Am I the only person who is kind of obsessed with blind item gossip? In case you're unfamiliar, these are pieces of celebrity gossip where they don't come out and tell you who the celebrity involved is but they just drop some clues as to her identity. So it's kind of like a guessing game.
They usually go something like "This blonde actress on a hit TV show is hoping her husband doesn't find out that her costar is actually the father of the child she's six months pregnant with." I totally just made that one up, but pretty juicy right?
The guessing is totally half the fun. Also, maybe I've noticed that I tend to accept the veracity of the underlying gossip in a blind item more so than with other types of gossip. Maybe this is because by guessing I've played an active role in creating the information and thus I'm not viewing it through a critical eye. Or maybe I just tend to believe that most of the crap you read in gossip mags is probably true. Anyway, I don't think the pleasure in reading celebrity gossip really depends on whether it's true or not: sometimes it's just fun to think "oh, I can totally she her doing that!" or "oh, wouldn't that be awesome if that was true?"
Here's one blind item I read and particularly enjoyed a few weeks back. I read it on gawker but it originally comes from this site Crazy Days and Nights which is infamous for its poorly written and confusingly byzantine blind items.
"This foreign born B list film star who was shooting for A list before he started losing his hair and his box office mojo is apparently extremely sensitive about his hair. How much? Well, he was buying a suit a few weeks ago and the salesperson suggested a hat because he thought it would go well the suit. Our actor took it the wrong way though and took a good five minutes to yell at the offending salesperson before throwing the suit on the floor and kicking it around a little and then walking out the door."
The consensus among readers is that the "foreign born B list film star" who is losing his hair is Jude Law which I totally think is true.

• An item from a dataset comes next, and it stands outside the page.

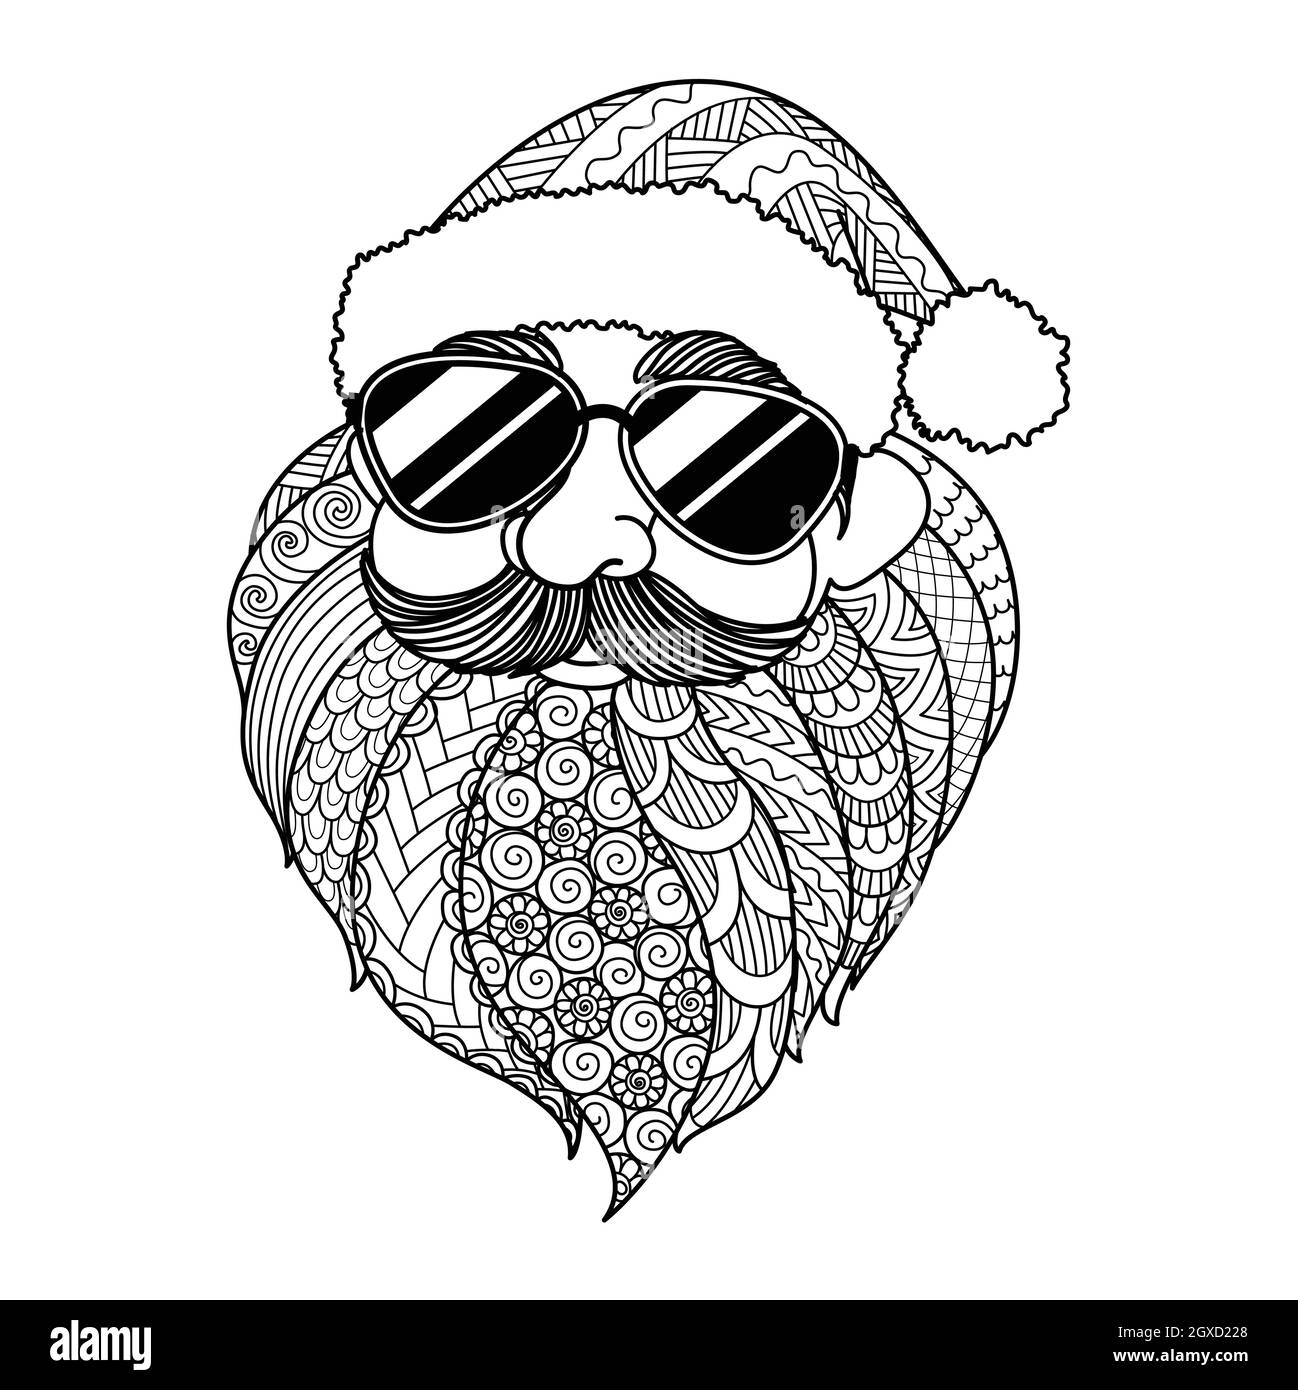 Santa claus wearing sunglass, Christmas in July concept. Vector illustration for coloring page, engraving, laser cut or print on product. Stock Vector

I can imagine him flipping out on the salesman and shouting and kicking the coat around in a very muppety fashion, and the image still brings a smile to my face. heheh.
So yeah, the blind items can be fun although I must say that after a while most of them start to sound the same like "blah blah who's gay blah blah who's doing drugs blah blah who's steppin' out" (I've decided I have to start using that phrase more).
This is kind of the juiciest one I've ever come across, but it's also sort of graphic so I was debating whether I should tarnish my blog with it (eh, what the heck). It was originally run on Page Six, the gossip feature in Rupert Murdoch's New York Post, on August 18, 2008.
"WHICH hunk in a summer movie is a violent, closeted homosexual? The heartthrob snuck into his ex's apartment a few months ago and raped him so violently, the ex ended up in the hospital—and the actor paid him $500,000 to keep his mouth shut."
Scandalous, right?! People couldn't really agree who this rumored gay rapist could be, but it seems like the choices would be Will Smith, Christian Bale, James Franco, Robert Downey Jr., and maybe Vin Diesel. Feel free to share your thoughts.